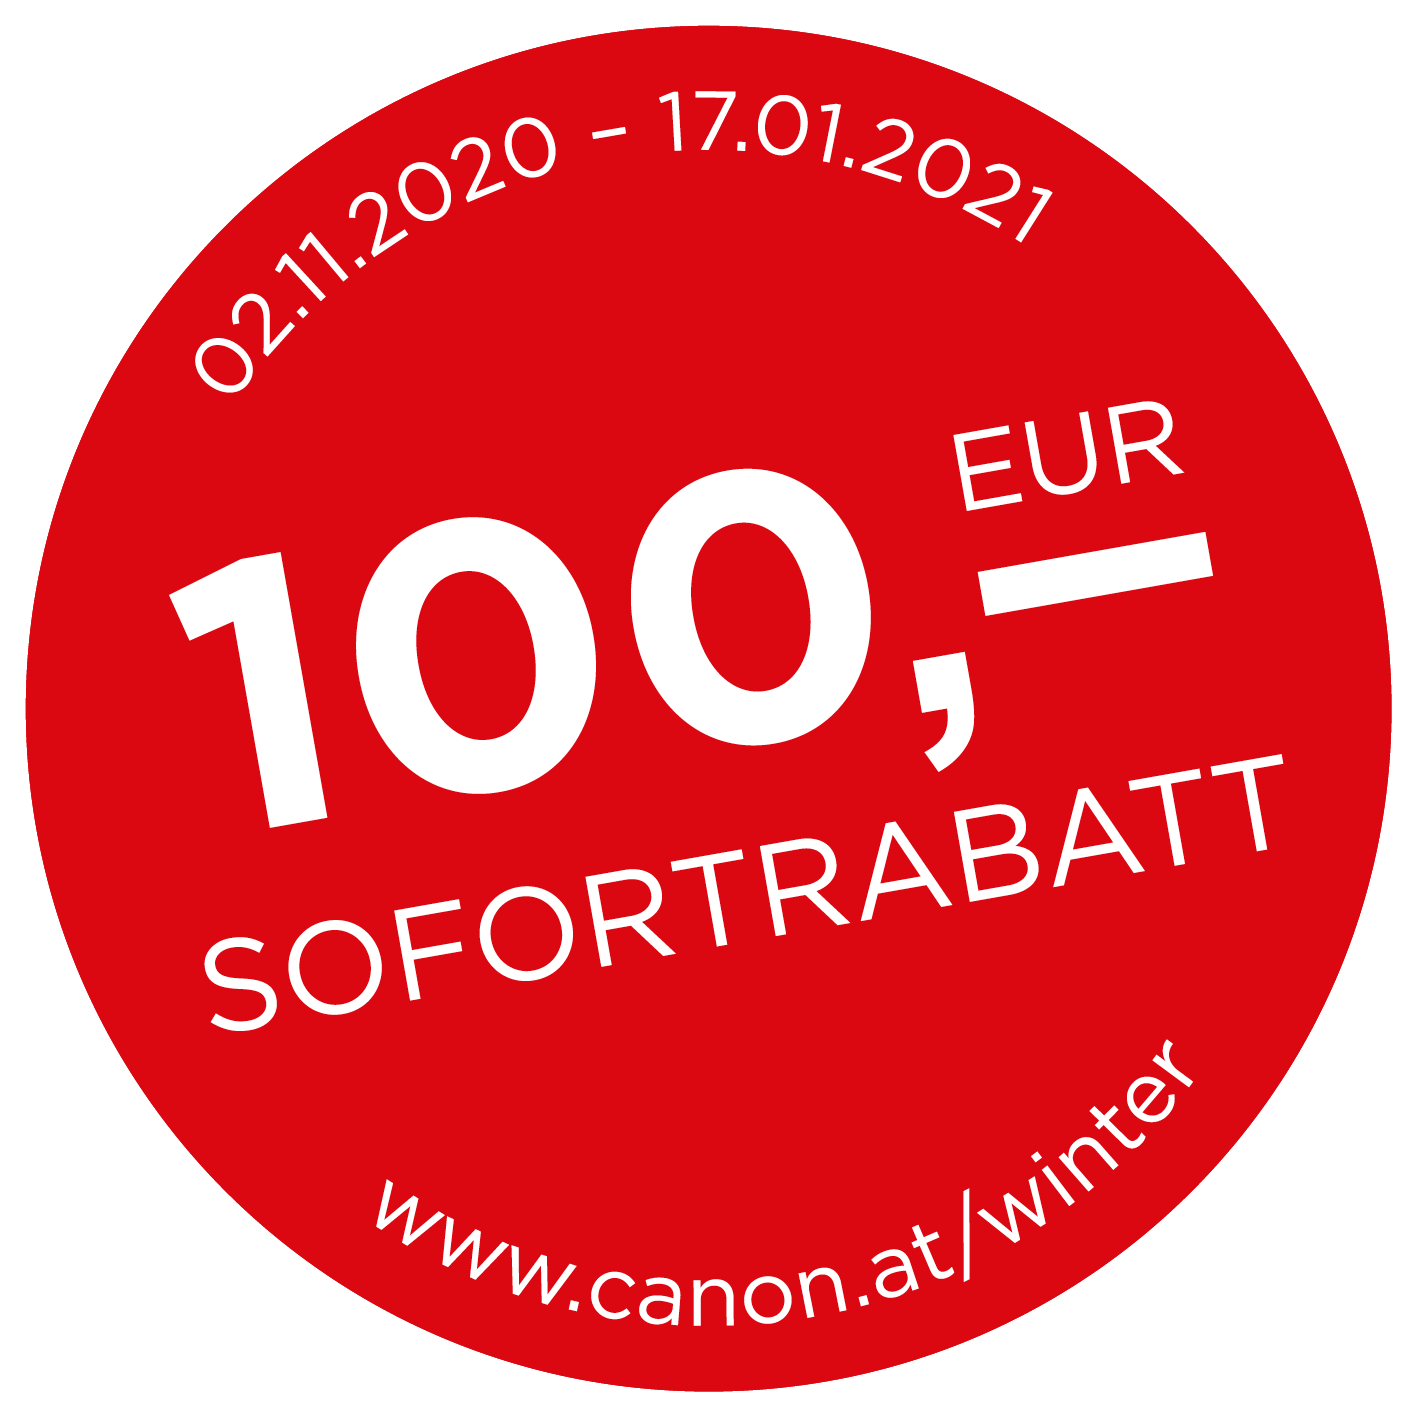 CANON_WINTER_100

* * *

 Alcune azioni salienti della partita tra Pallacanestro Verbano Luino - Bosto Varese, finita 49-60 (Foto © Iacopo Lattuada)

---

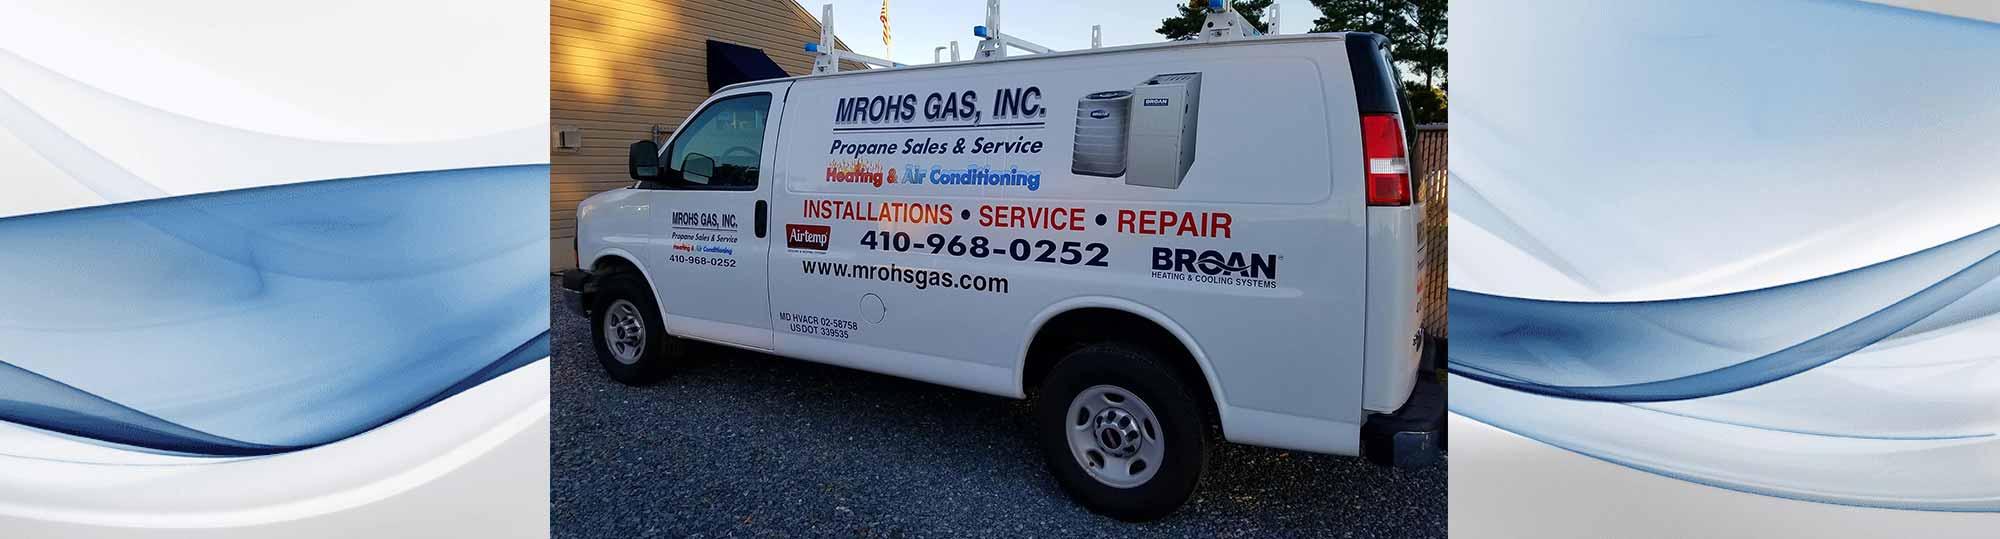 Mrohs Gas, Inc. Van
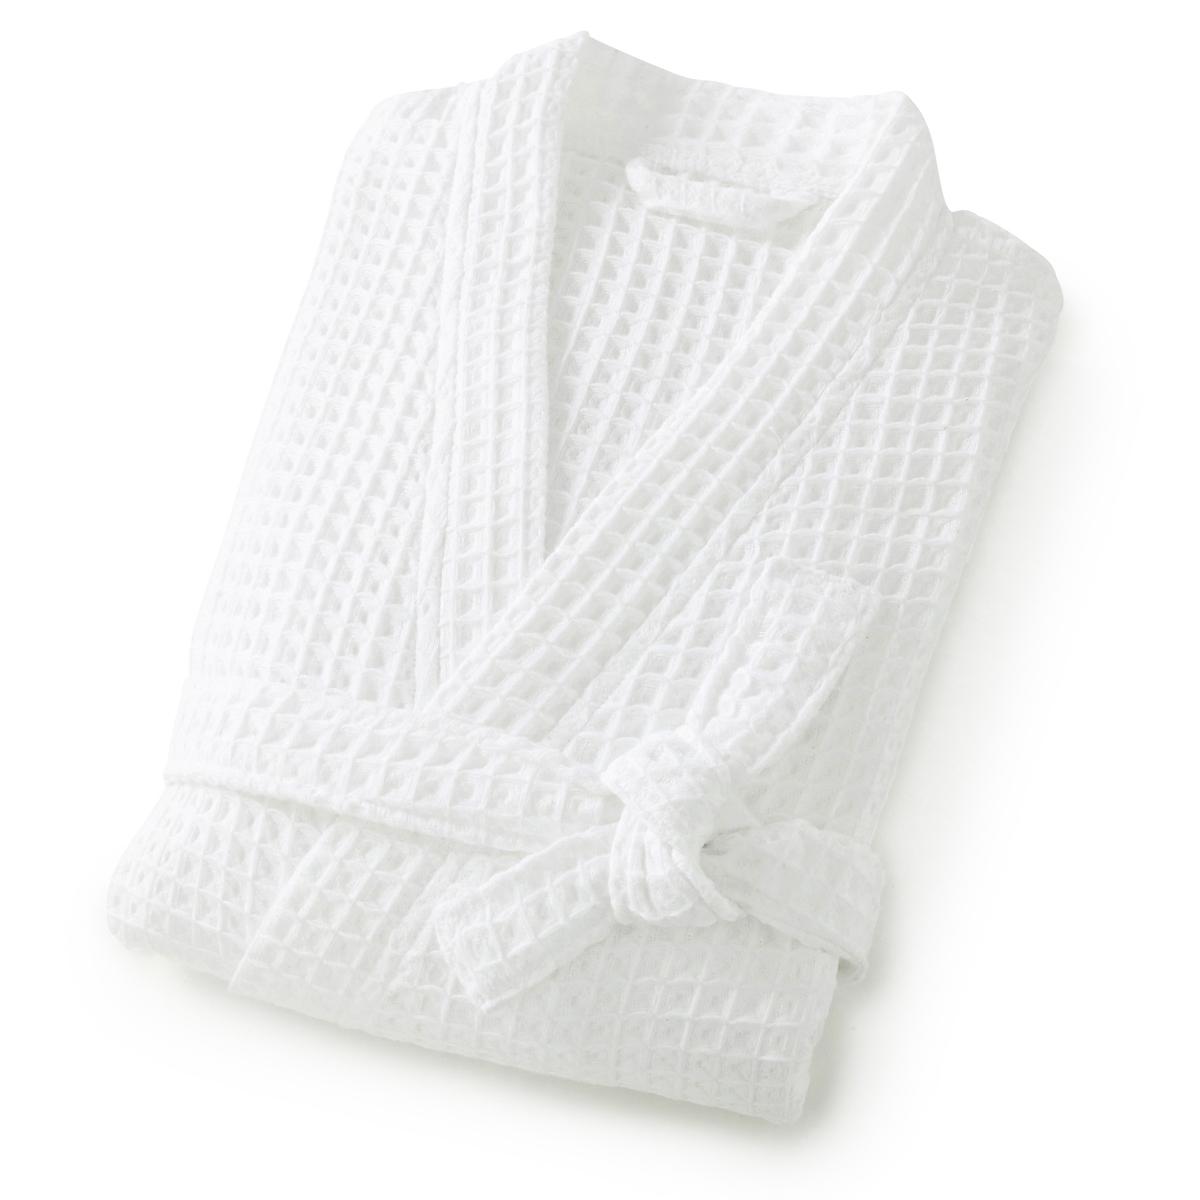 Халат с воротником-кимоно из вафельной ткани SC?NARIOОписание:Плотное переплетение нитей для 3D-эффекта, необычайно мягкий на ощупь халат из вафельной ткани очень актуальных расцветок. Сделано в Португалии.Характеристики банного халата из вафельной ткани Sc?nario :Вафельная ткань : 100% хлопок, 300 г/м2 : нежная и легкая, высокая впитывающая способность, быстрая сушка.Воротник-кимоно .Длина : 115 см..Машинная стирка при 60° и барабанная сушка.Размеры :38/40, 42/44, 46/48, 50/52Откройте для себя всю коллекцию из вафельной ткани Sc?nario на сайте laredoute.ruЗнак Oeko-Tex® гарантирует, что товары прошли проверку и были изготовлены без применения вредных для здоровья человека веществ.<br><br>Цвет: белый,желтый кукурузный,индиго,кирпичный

WORK TO BE COMPLETED: Reproduce the listing above exactly from the line containing "Mrohs Gas, Inc. Van" up to and including the line containing "Халат с воротником-кимоно", omitting any images and everything outside those lines.

EXPECTED ANSWER:
 Mrohs Gas, Inc. Van
 Халат с воротником-кимоно из вафельной ткани SC?NARIOОписание:Плотное переплетение нитей для 3D-эффекта, необычайно мягкий на ощупь халат из вафельной ткани очень актуальных расцветок. Сделано в Португалии.Характеристики банного халата из вафельной ткани Sc?nario :Вафельная ткань : 100% хлопок, 300 г/м2 : нежная и легкая, высокая впитывающая способность, быстрая сушка.Воротник-кимоно .Длина : 115 см..Машинная стирка при 60° и барабанная сушка.Размеры :38/40, 42/44, 46/48, 50/52Откройте для себя всю коллекцию из вафельной ткани Sc?nario на сайте laredoute.ruЗнак Oeko-Tex® гарантирует, что товары прошли проверку и были изготовлены без применения вредных для здоровья человека веществ.<br><br>Цвет: белый,желтый кукурузный,индиго,кирпичный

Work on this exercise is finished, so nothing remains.